Source information section start
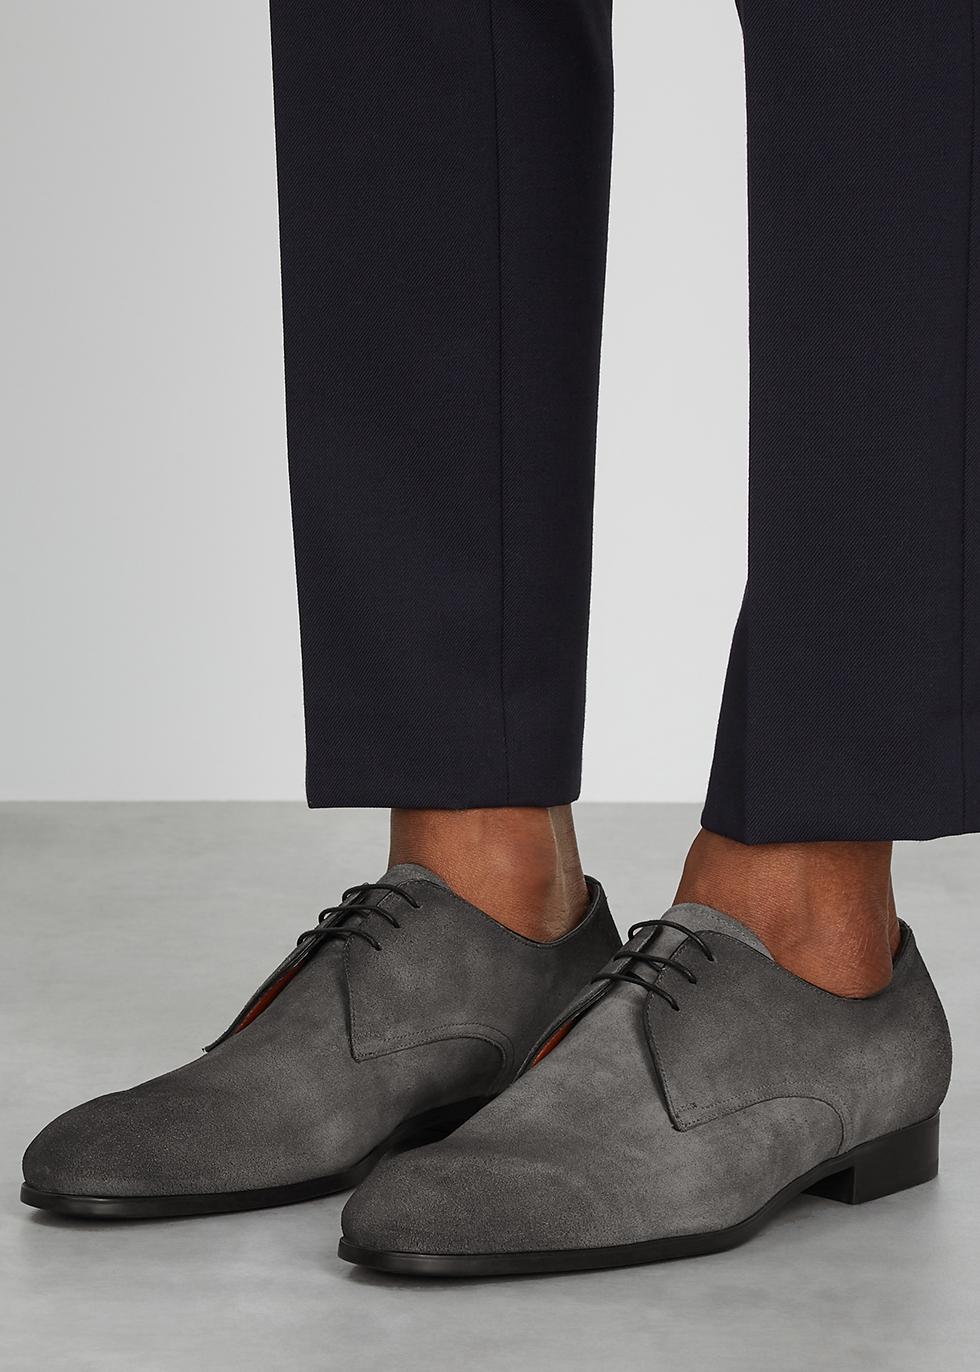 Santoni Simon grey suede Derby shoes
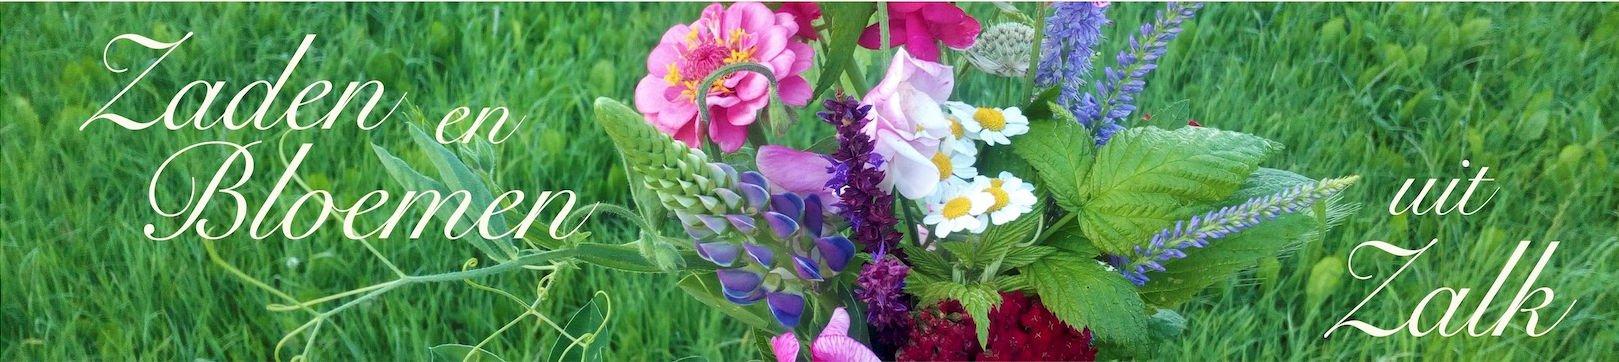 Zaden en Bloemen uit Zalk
Source information section end
Source information section start
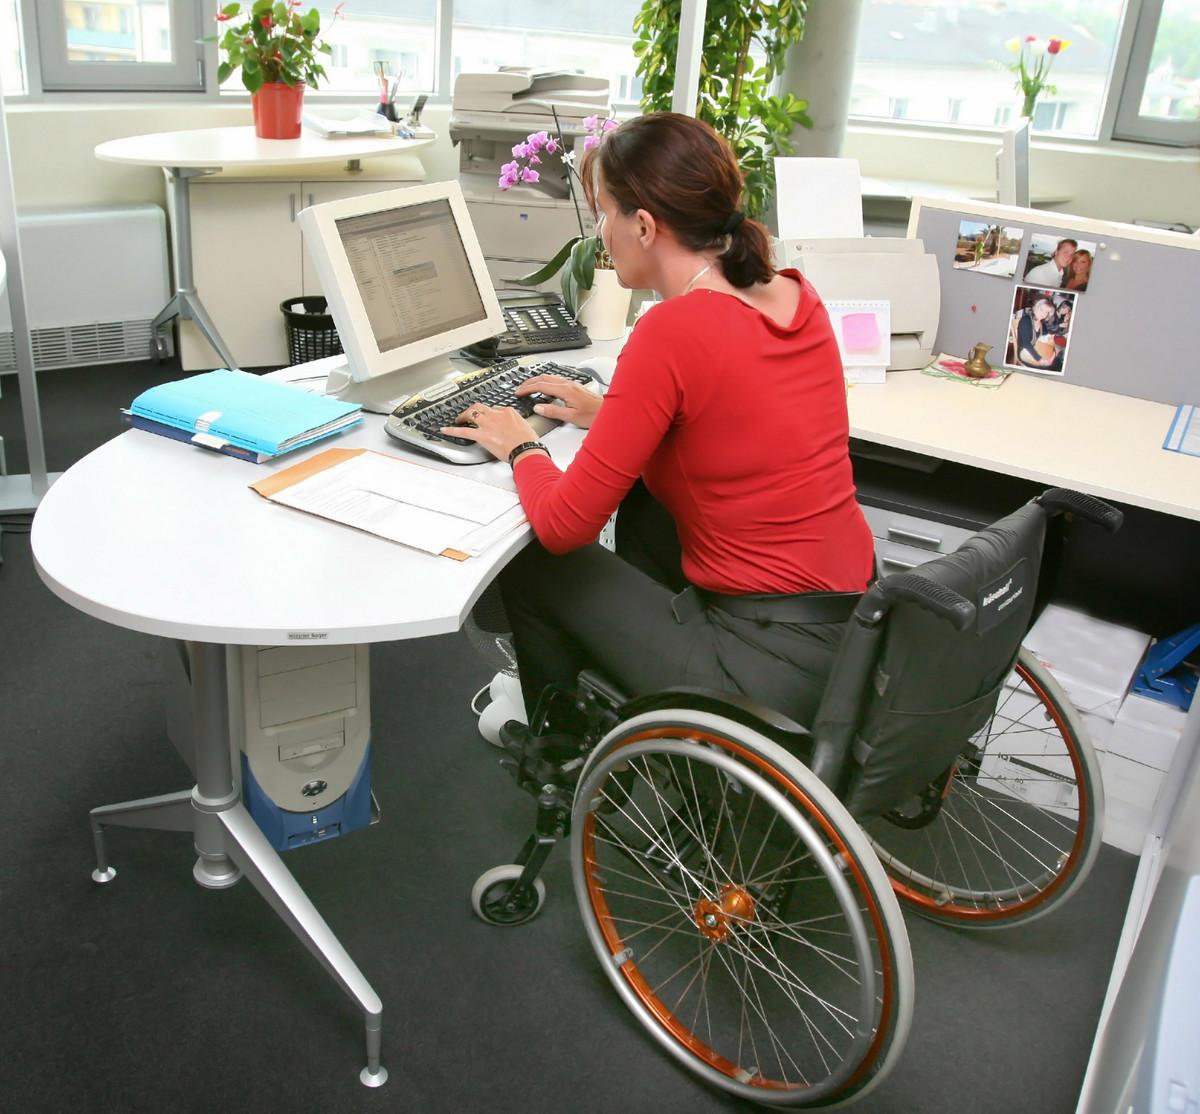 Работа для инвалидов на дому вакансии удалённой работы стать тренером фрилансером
Source information section end
Source information section start
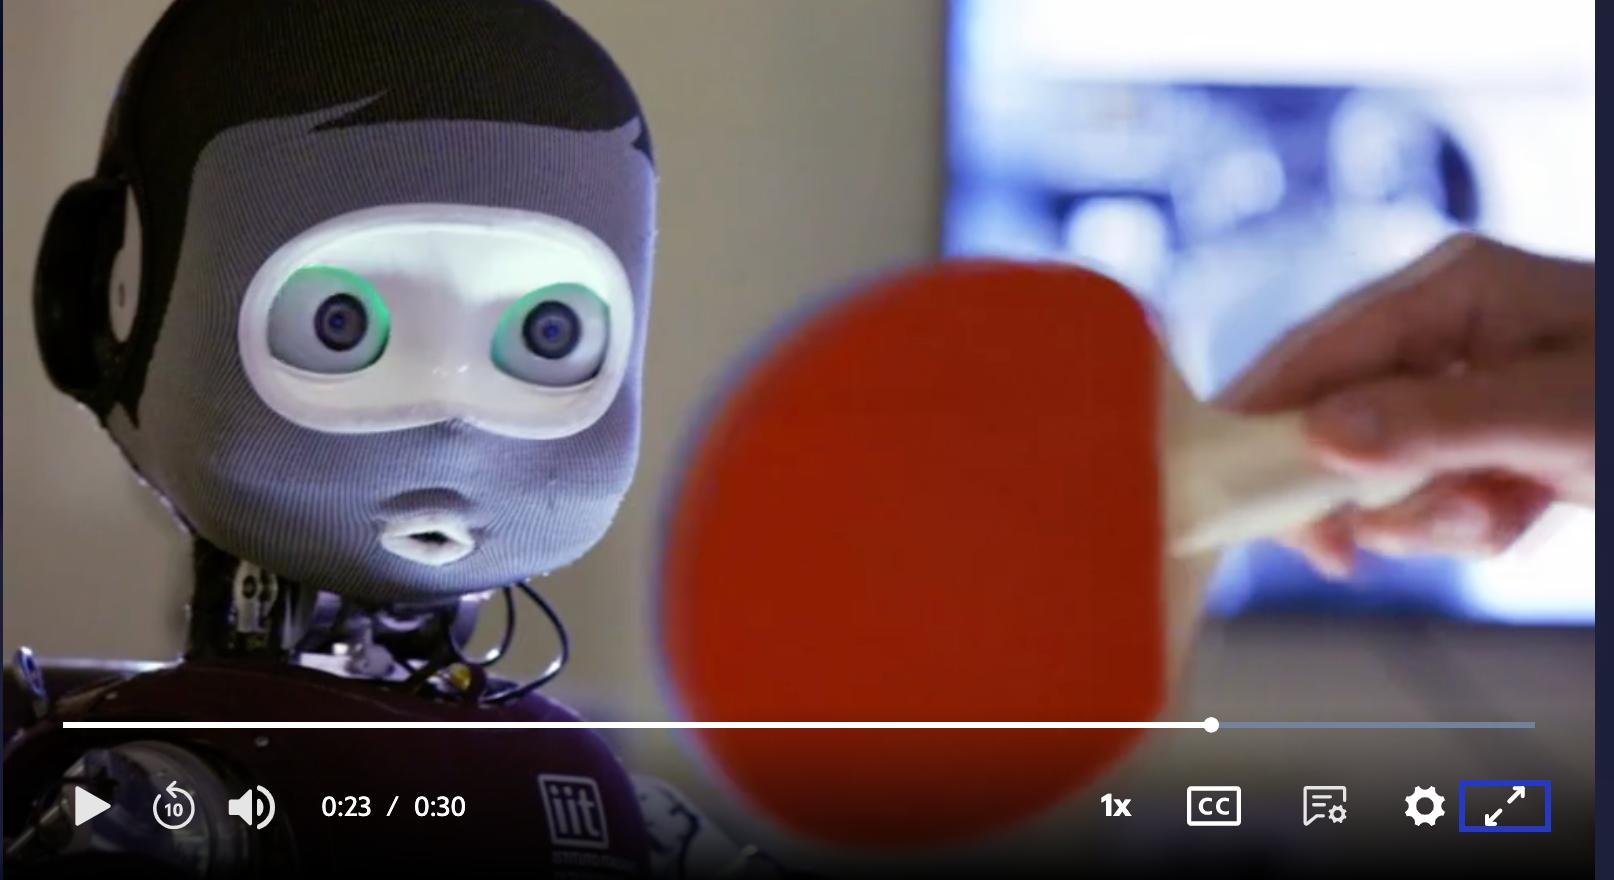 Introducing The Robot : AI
Source information section end
Exercise -
Exact copy, no pictures. Write out the lines in the entries above, starting with the line with "Santoni Simon grey suede Derby shoes" and going on through the line with "Zaden en Bloemen uit Zalk", keeping both.

Solved problem -
 Santoni Simon grey suede Derby shoes
 Zaden en Bloemen uit Zalk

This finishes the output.